**DATA RECORDS**
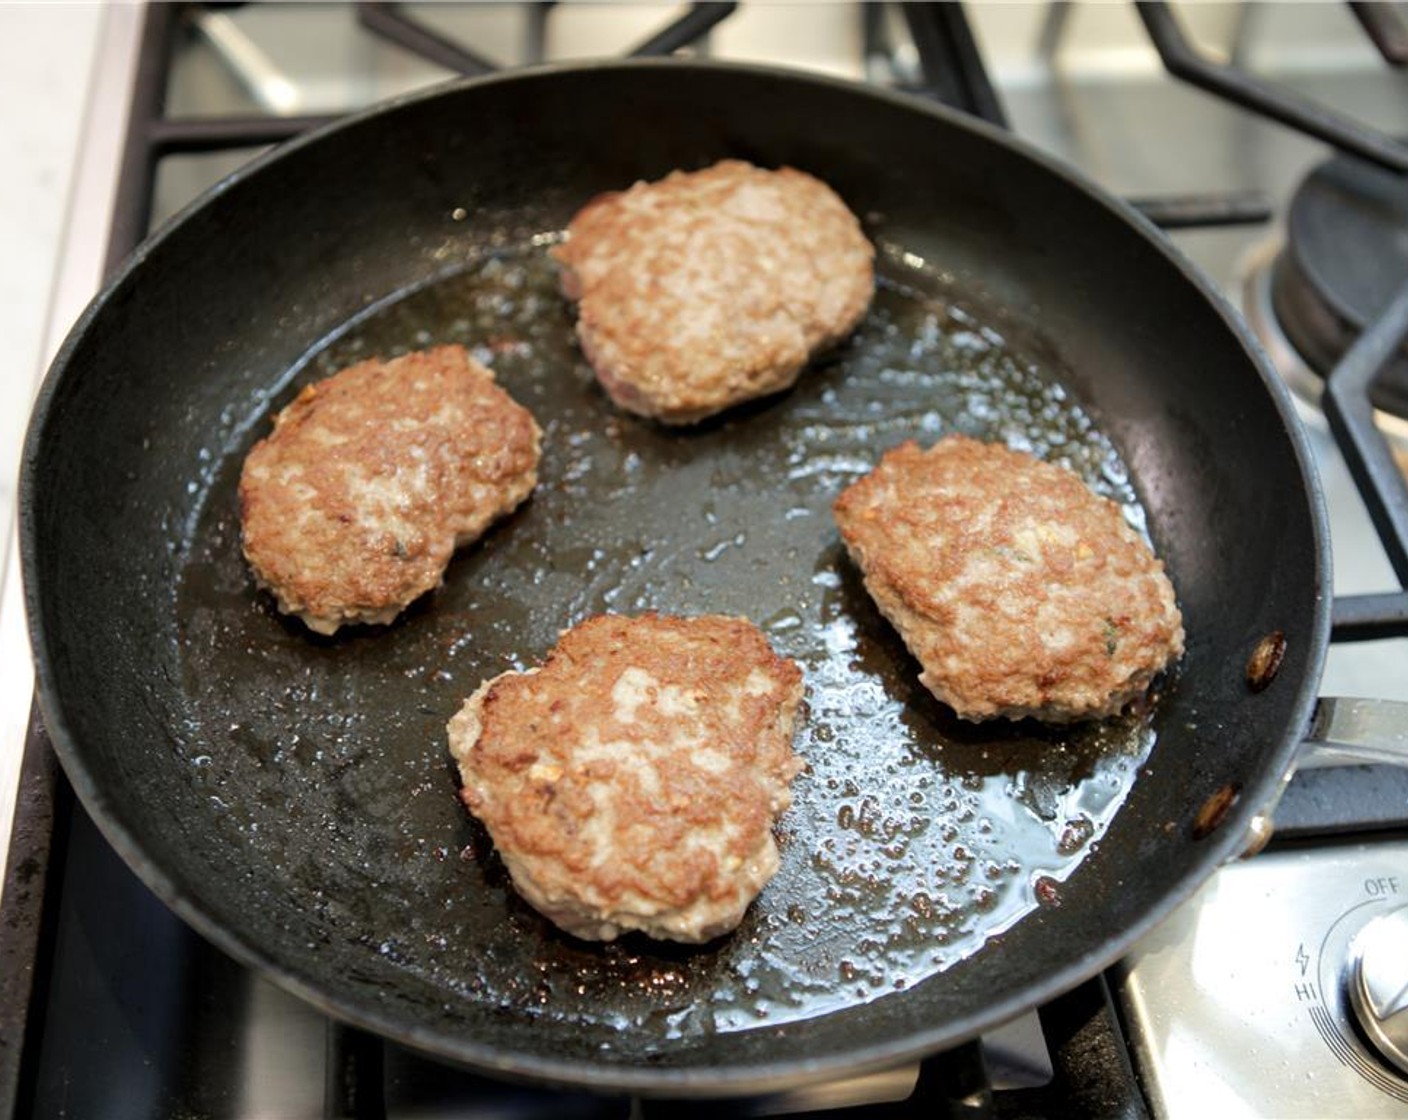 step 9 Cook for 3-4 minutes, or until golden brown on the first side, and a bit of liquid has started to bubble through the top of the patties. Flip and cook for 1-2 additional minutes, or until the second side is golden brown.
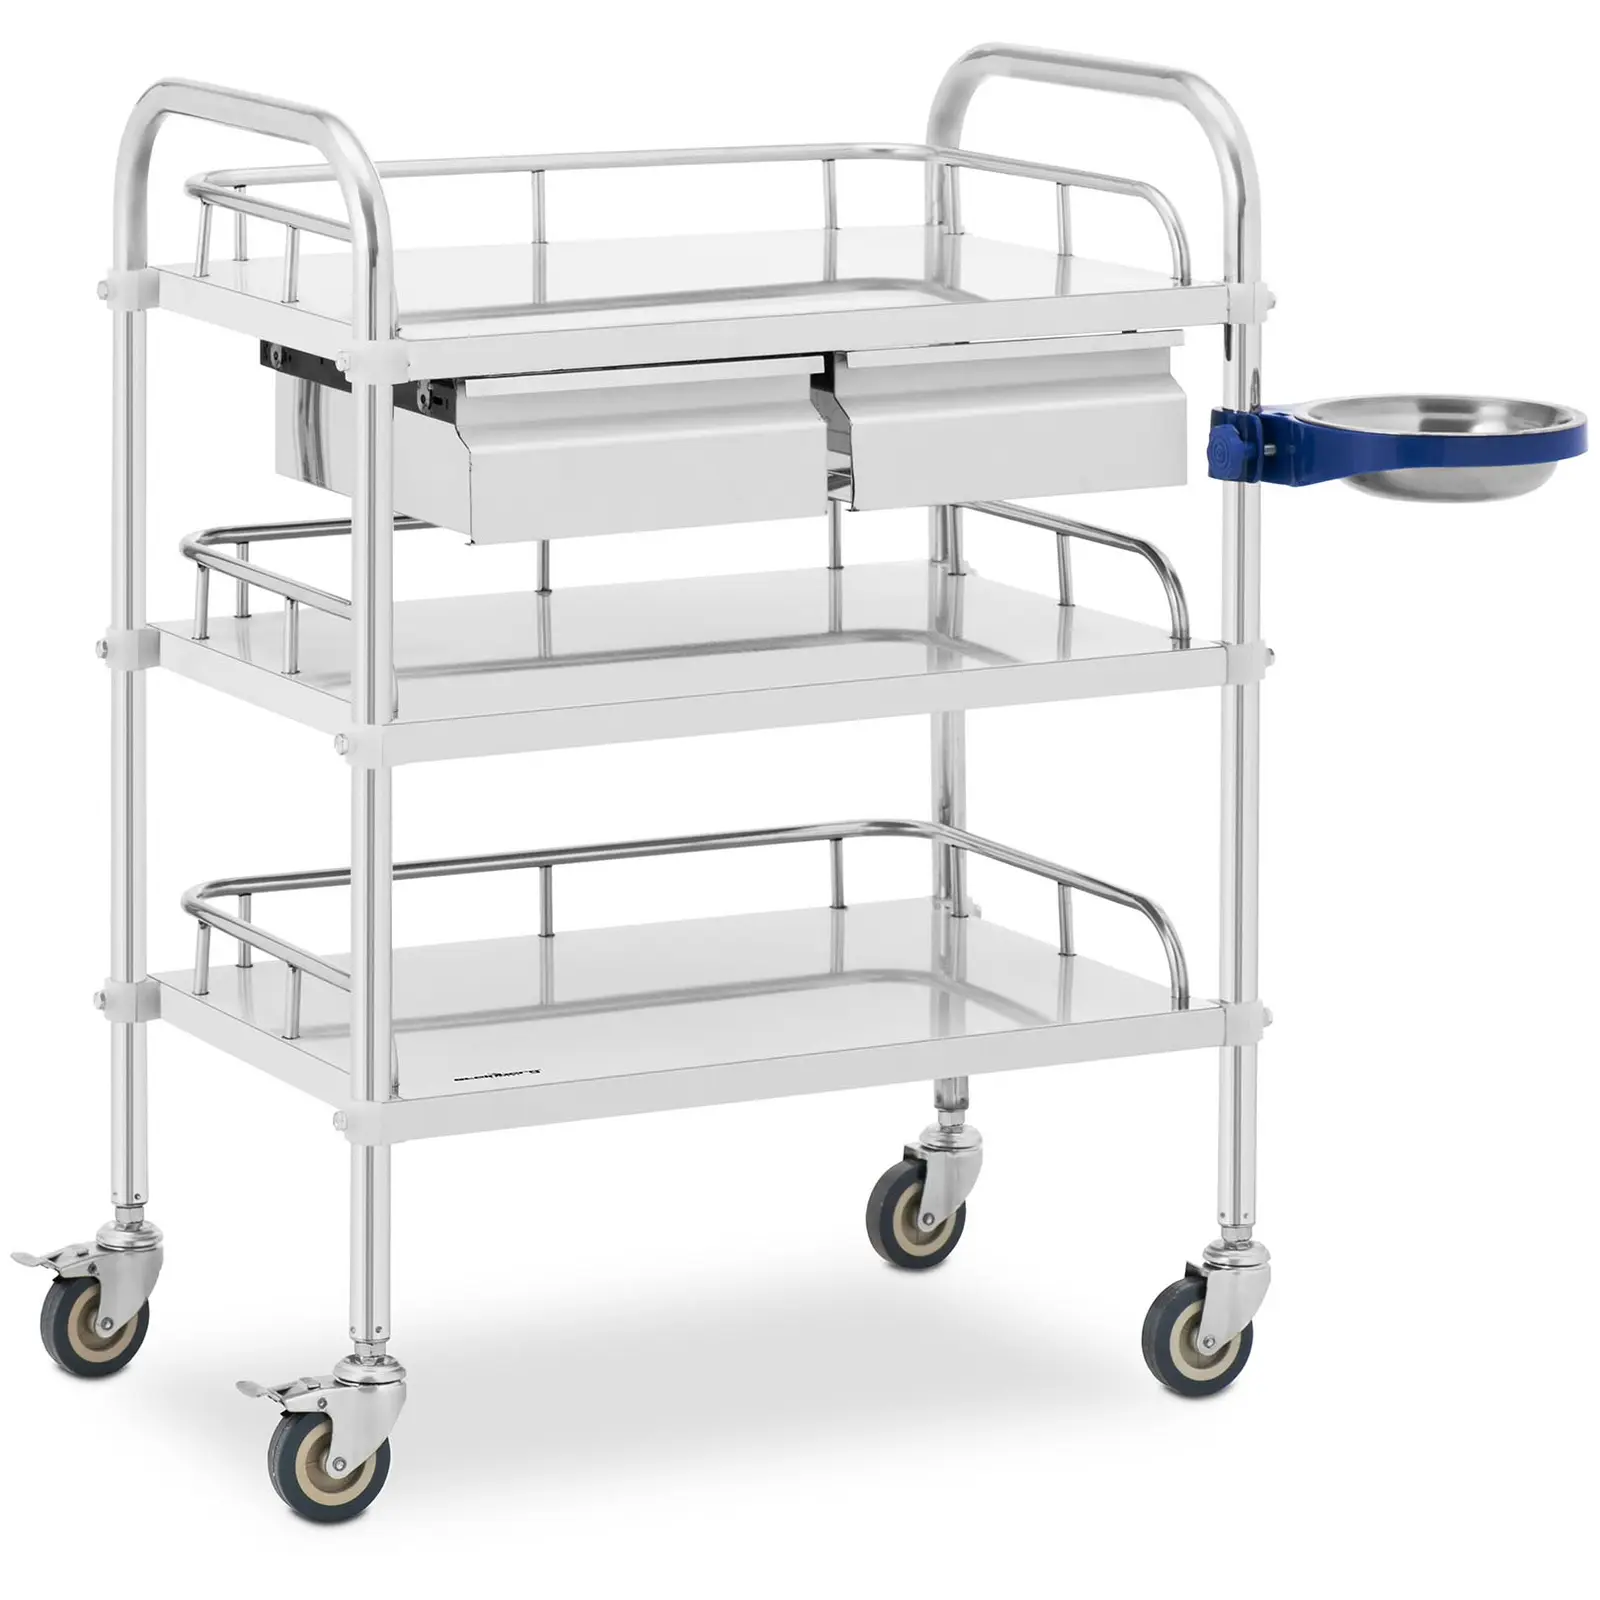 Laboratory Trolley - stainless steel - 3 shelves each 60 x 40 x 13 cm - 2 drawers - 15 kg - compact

==

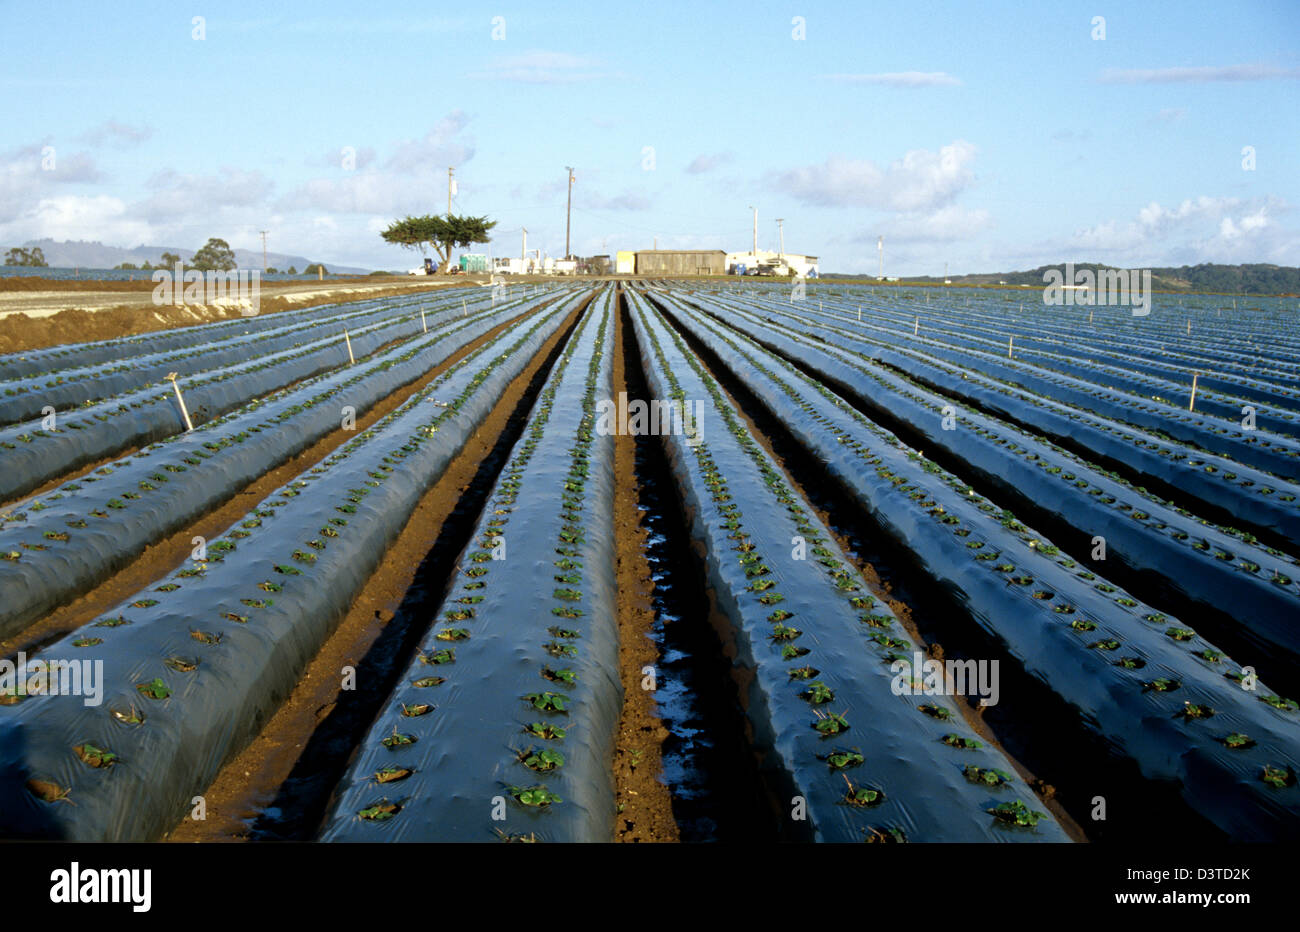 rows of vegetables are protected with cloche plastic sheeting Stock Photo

**REQUIRED WORK**
Please transcribe exactly the part of the records that opens with the line containing "step 9 Cook" and closes with the line containing "Laboratory Trolley - stainless", both ends included, and leave out the pictures.

**RESPONSE TO THE EXERCISE**
 step 9 Cook for 3-4 minutes, or until golden brown on the first side, and a bit of liquid has started to bubble through the top of the patties. Flip and cook for 1-2 additional minutes, or until the second side is golden brown.
 Laboratory Trolley - stainless steel - 3 shelves each 60 x 40 x 13 cm - 2 drawers - 15 kg - compact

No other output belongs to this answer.